Since when are policers implemented in ram?  You're talking FPGA if you
want to be able to make forwarding/filtering decisions assuming it's
possible which it isn't you're 1 million dollar boxes suddenly become
hundred million dollar boxes.  Then there's v6 info..

> Second, if you re-engineer every router on the Internet to prevent an
> interface from being congested by malicious flow(s) destined for one
> particular destination IP:port, then DDoS attacks will simply target
> multiple ports or multiple destination IP addresses that are likely to
> traverse a link they are able to congest.

Not to mention that the routers themselves become an attack vector.  This
cache will have a finite limit because there's no such thing as an infinite
amount of cache among other flaws.  When that limit is reached it will do
something no one want's it to do and that will become the new DDOS attack.

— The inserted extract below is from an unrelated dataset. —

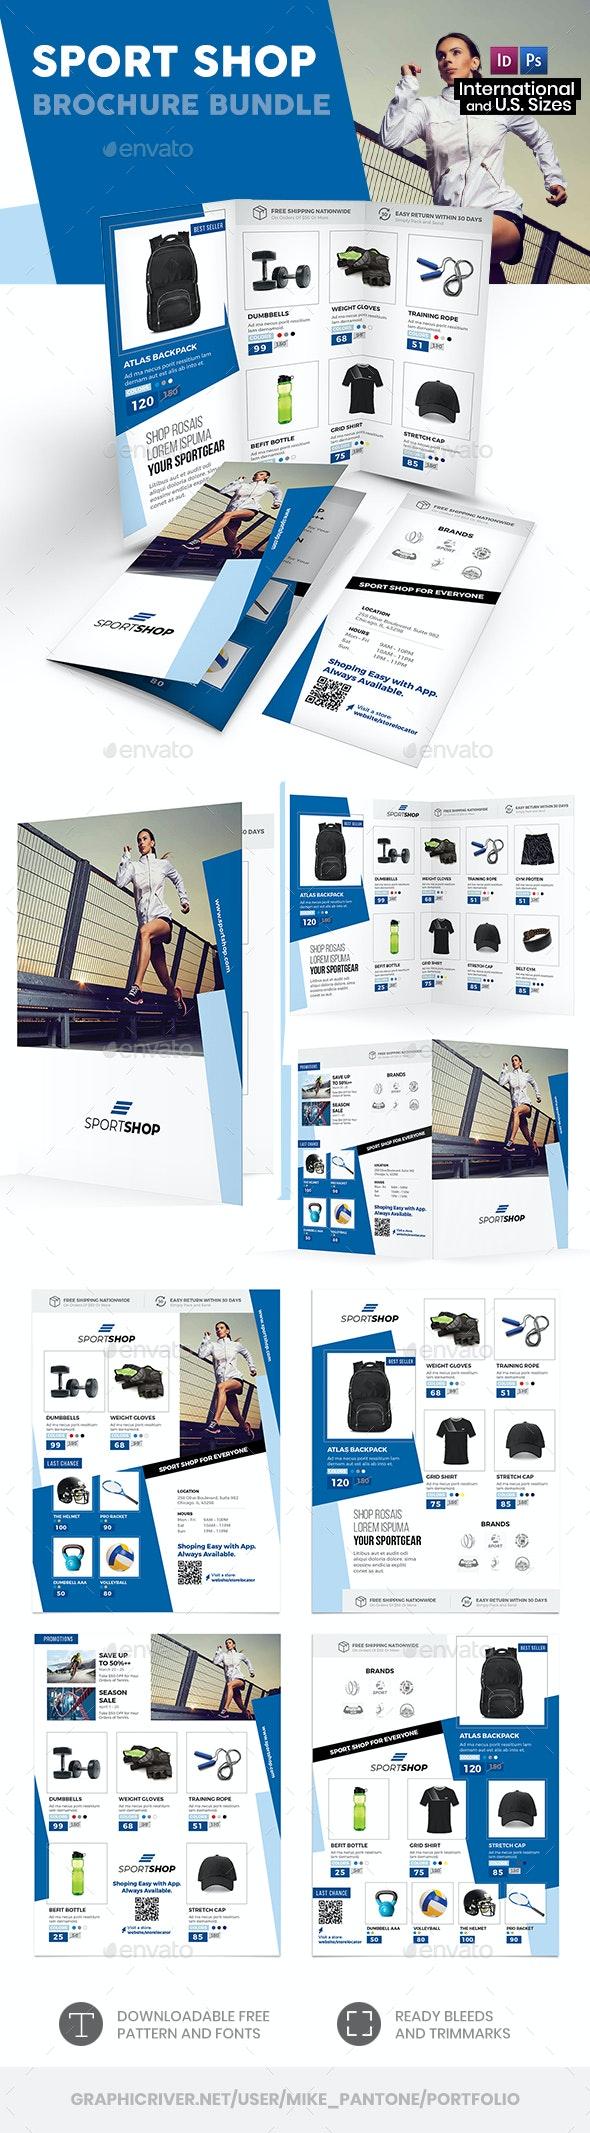 Sport Shop Print Bundle 2 - Informational Brochures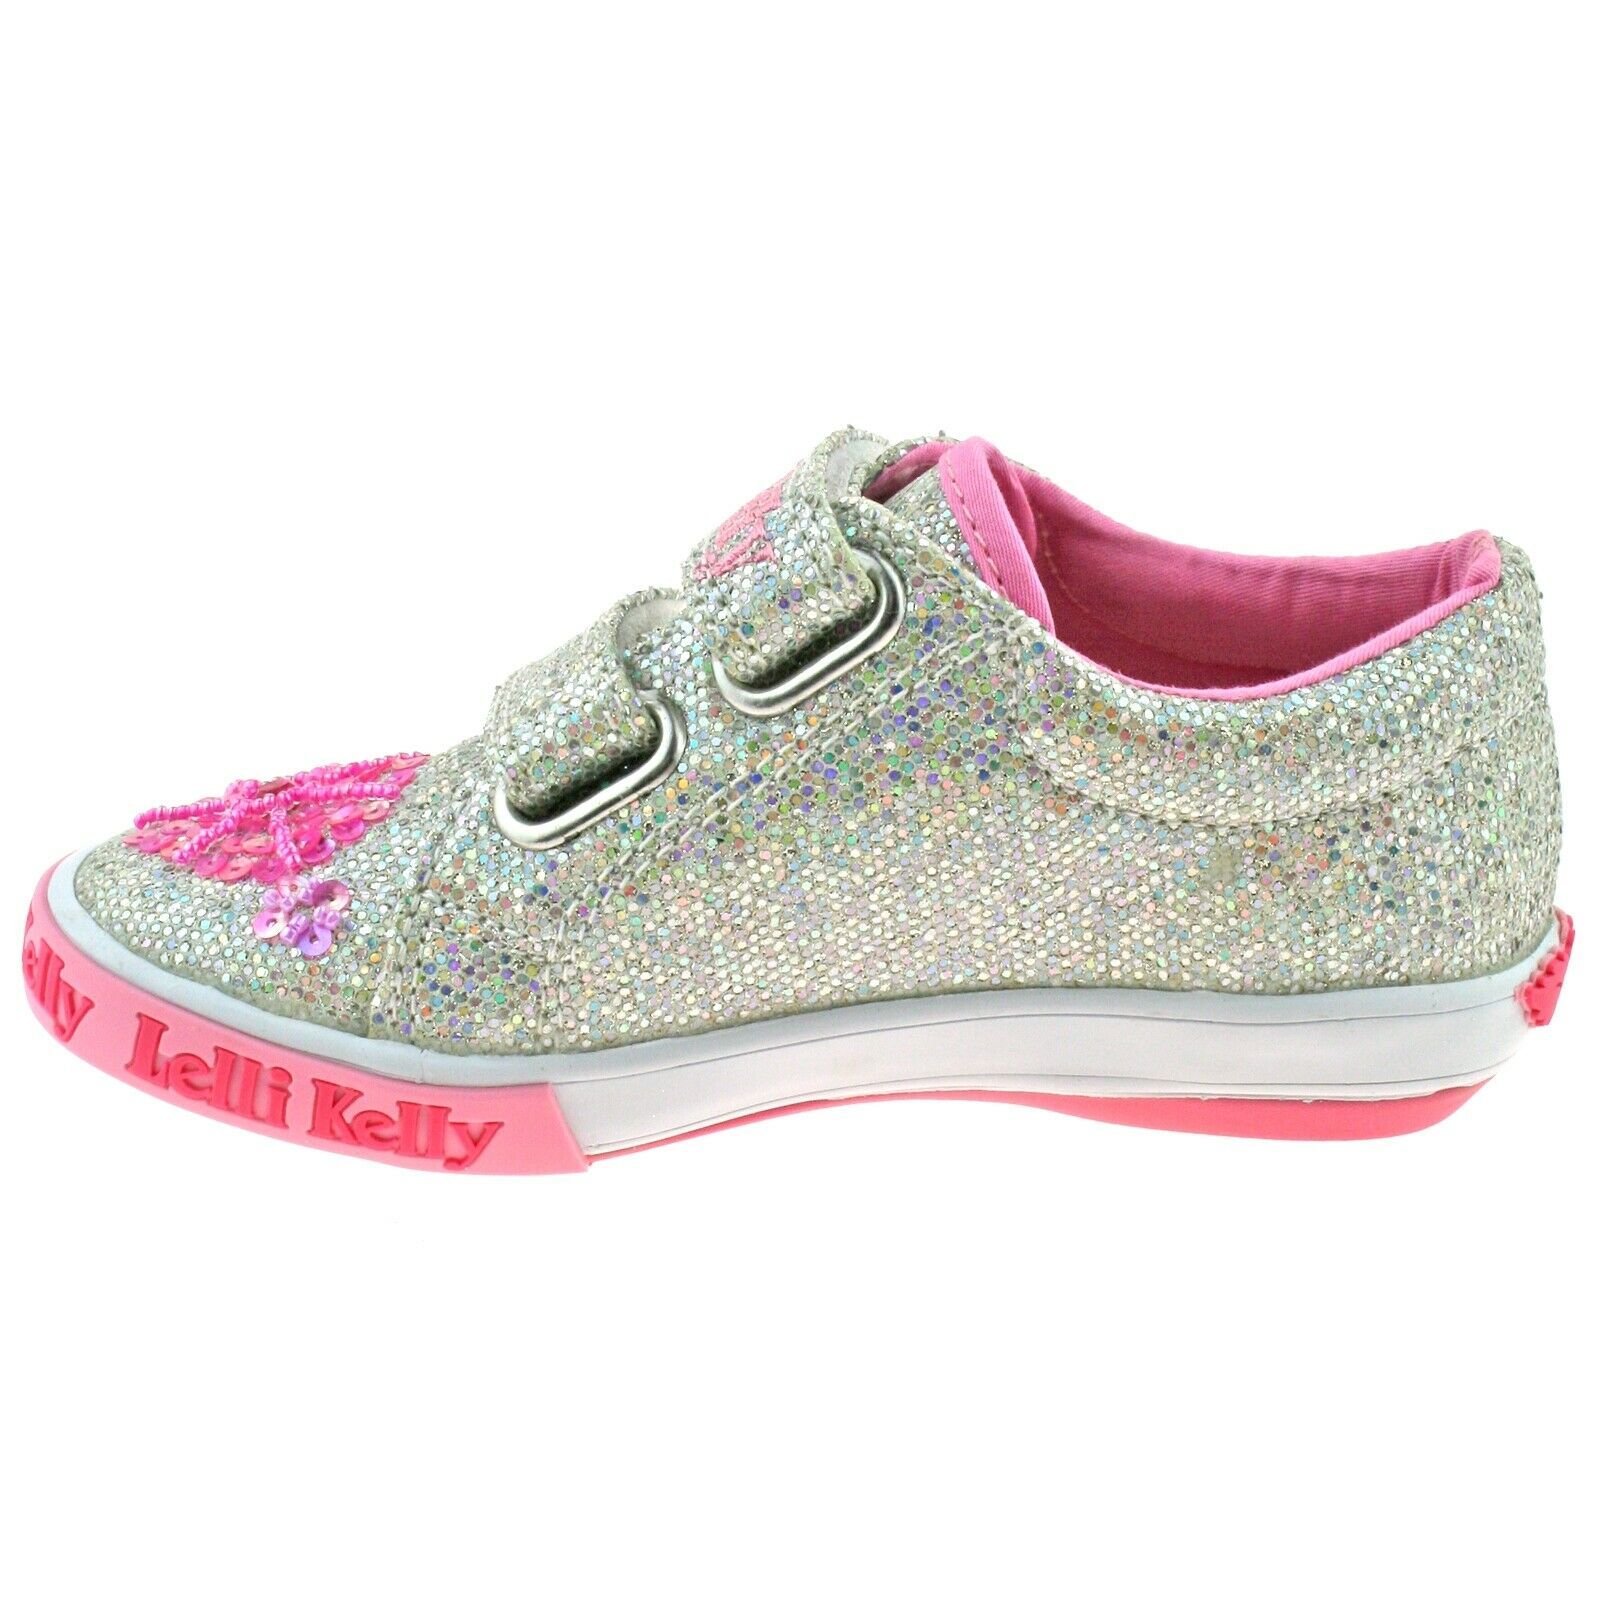 Lelli Kelly LK9081 GH01 Silver Glitter Daisy Adjustable Double Strap Shoes

> If you want to dramatically increase the cost of routers in order to
> solve the problem of DDoS with one deft (and expensive) move, you have
> to imagine that the people behind DDoS attacks aren't complete idiots,
> and will actually spend some time thinking about how to defeat your
> system.
> Not to mention cost?  You're not going to get a tier I ISP to upgrade to
this new super router (assuming it's possible to build such a things)
without an act of congress or at least the FCC.  They won't even spend
enough on fiber to bring broadband into rural areas.